A publication of the Kentucky Center for Public Service Journalism

Poor People’s Campaign protestors allowed inside State Capitol upon return to Frankfort Tuesday

By Tom Latek
Kentucky Today

Emboldened by an Attorney General Andy Beshear’s opinion that limitations on their entering the State Capitol were illegal, more than two dozen members of the Poor People’s Campaign returned Tuesday and this time were allowed inside.

Deanna Cope Brandstetter, assistant to Chief of Staff Blake Brickman, accepts items from the Poor People’s Campaign at the doors to the Governor’s office.(Photo by Tom Latek, Kentucky Today)

During a rally that began on the front steps of the Capitol, Rev. Don Gillett, pastor of East Second Street Christian Church in Lexington spoke to the crowd saying: “After 40 days of successful moral fusion and non-violent direct protests, the movement continues.  So here we are once again on the Capitol steps, calling for our nation to enter into a period of a moral revival.”

He also addressed the action by a federal judge in Washington to strike down provisions of Kentucky’s Medicaid waiver that mandates 40 hours of community engagement by recipients, including work, school job training or another community service, that was supposed to begin July 1.

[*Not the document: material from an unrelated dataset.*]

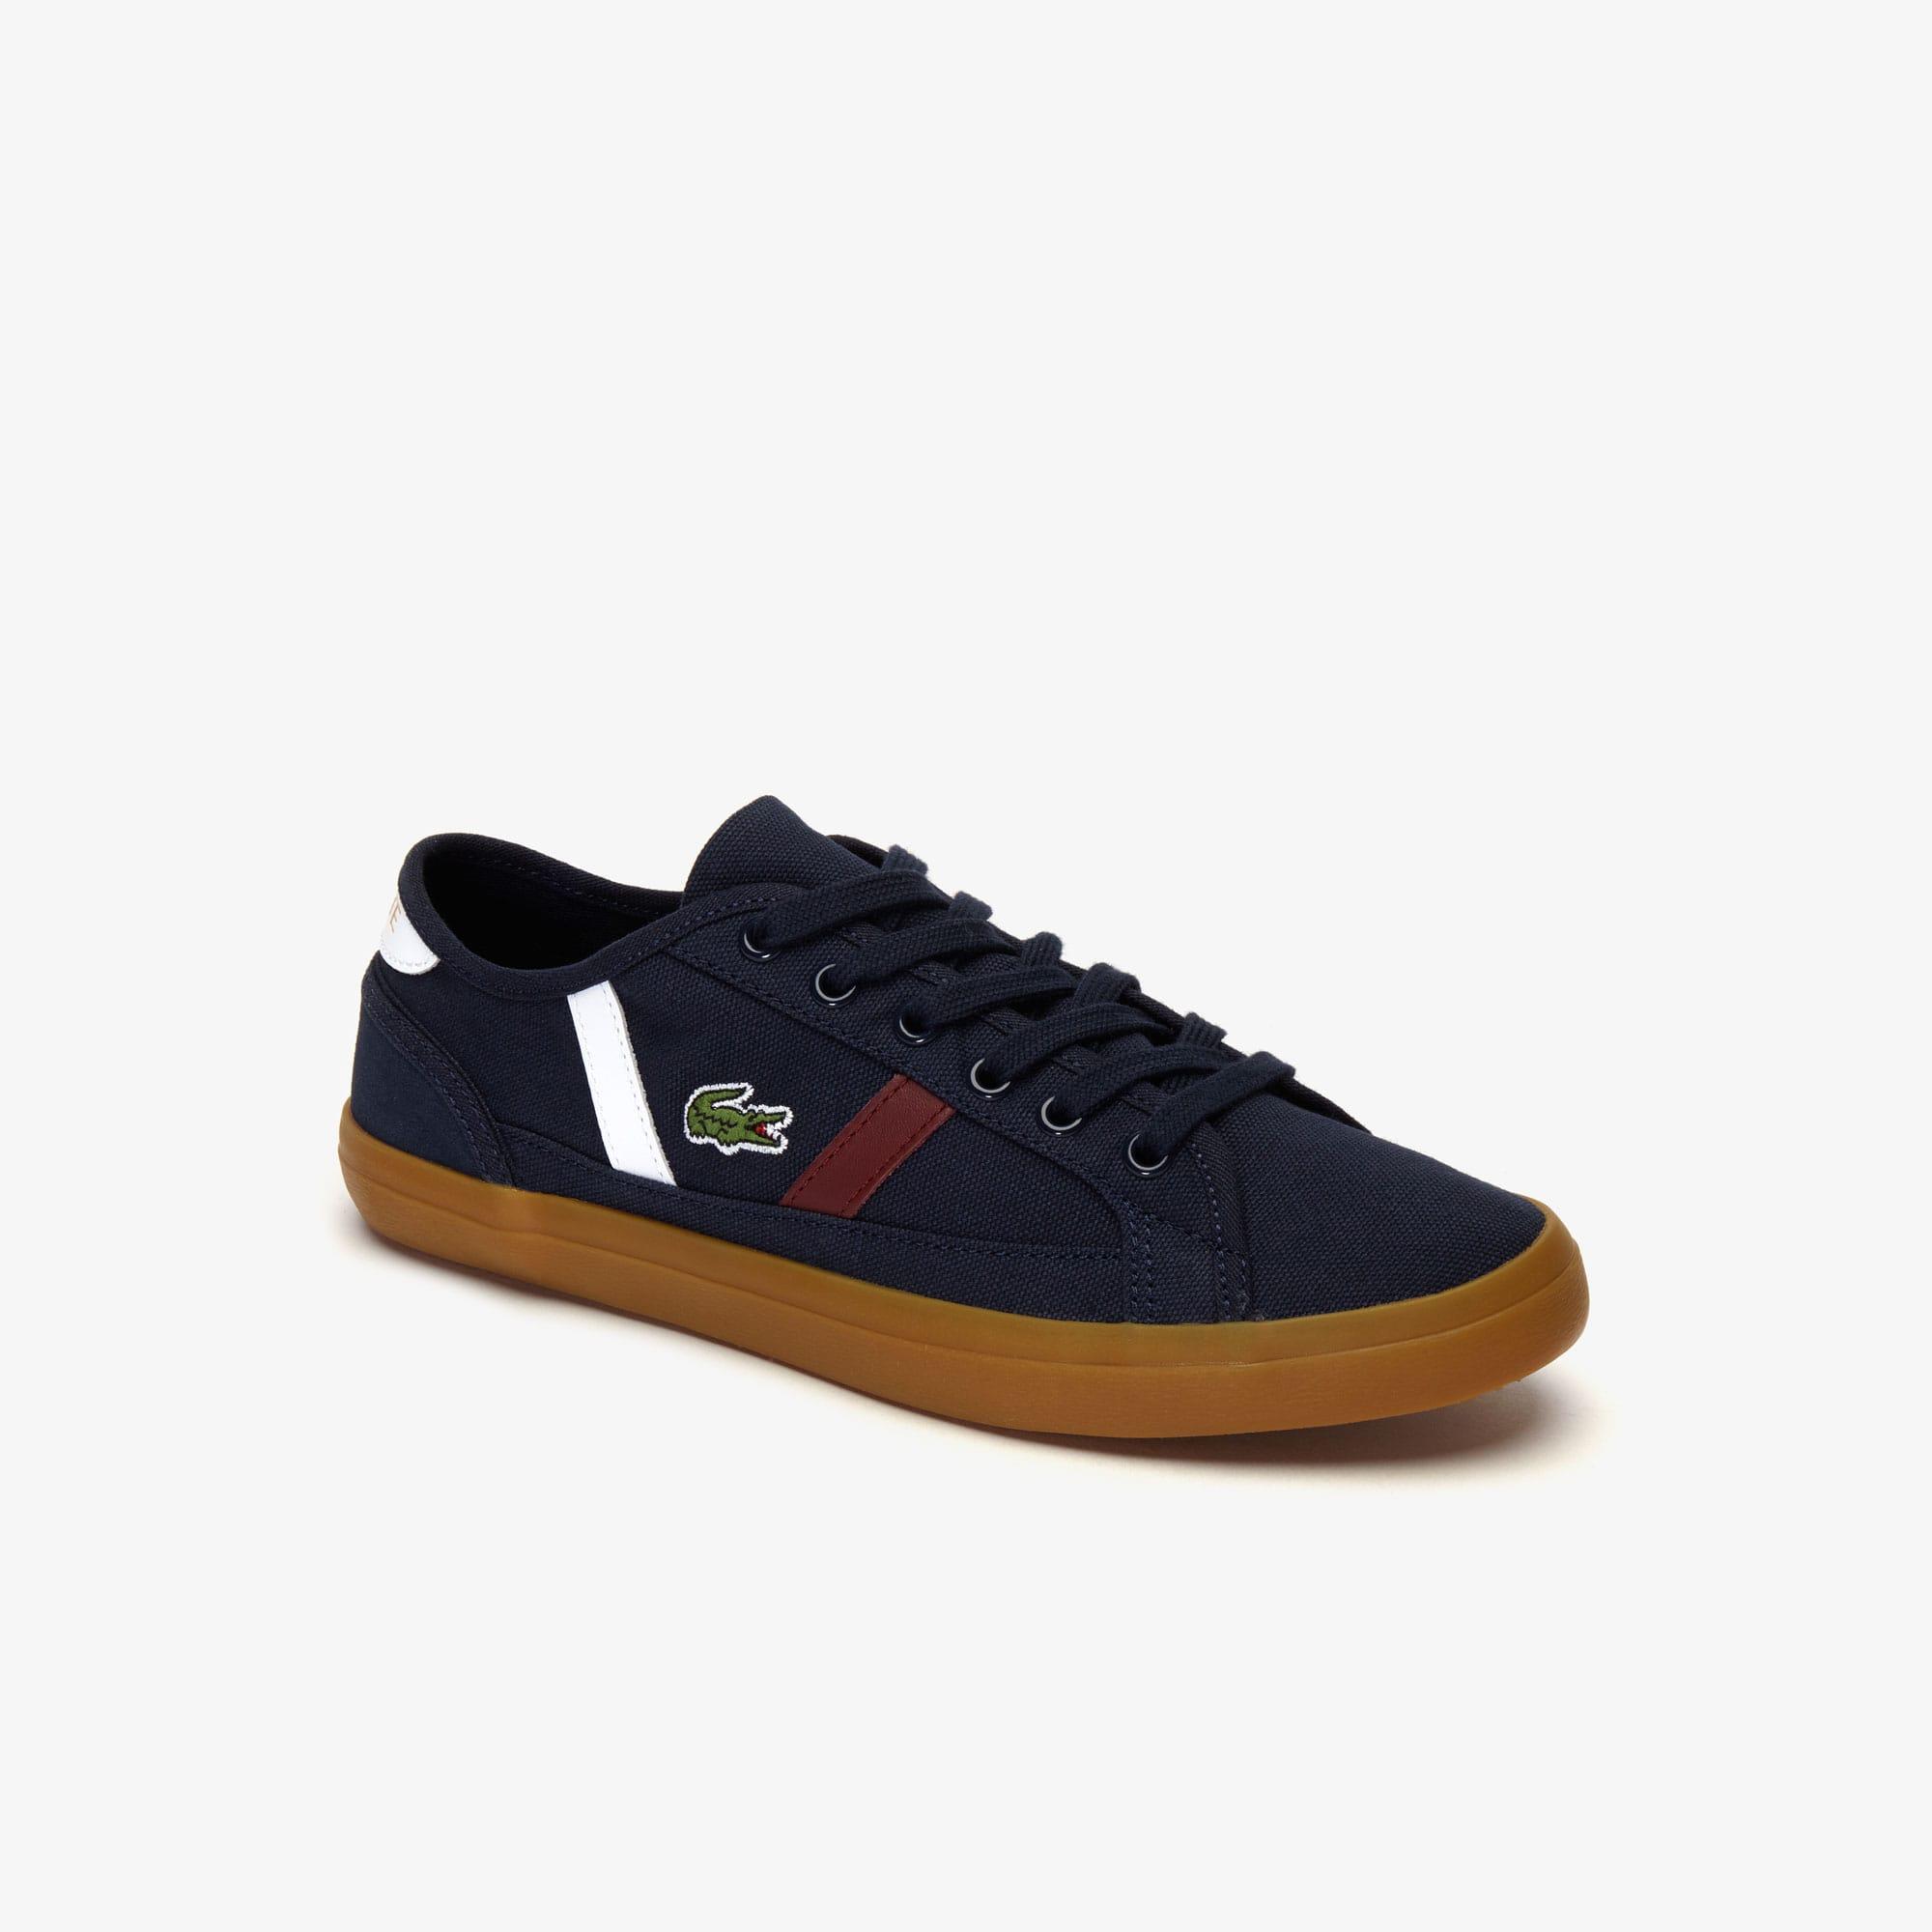 23d74ba35959d Shoes for Women | Footwear | LACOSTE

Gov. Matt Bevin said the ruling also eliminated the funding mechanism for vision and dental services.

“Healthcare should be improved and not taken away,” Gillett said, referring to action taken by the Bevin administration after the ruling to halt vision and dental benefits for expanded Medicaid recipients.  “Here we are again calling state government to a moral revival. The evils of poverty, racism, the war economy, and ecological devastation are hurting our people.  And, as Rev. Martin Luther King, Jr., said, ‘If one of us is hurting, we’re all hurting.’”

According to Rev. Megan Houston of Bowling Green, their work will continue into the fall.

“We are going to have a laser-like focus on mobilizing voters,” she said.  “You ain’t seen nothing yet.  You just wait until we show up at the polls.  We’ll remember in November. We will be voting with our conscience as we support our teachers, and more importantly, our children.”

The group then walked up the steps to the Capitol, where uniformed officers allowed them to go inside after inspecting their bags and having them go through metal detectors.

The protesters passed through the Capitol Rotunda on the way to the Governor’s office, where they were stopped by police, who told them they had to have an appointment.  They asked if they could leave their demands and toothbrushes to protest the governor’s recent decision to end dental and vision benefits for some of Kentucky’s Medicaid recipients.

A woman from Bevin’s office accepted the items from the group.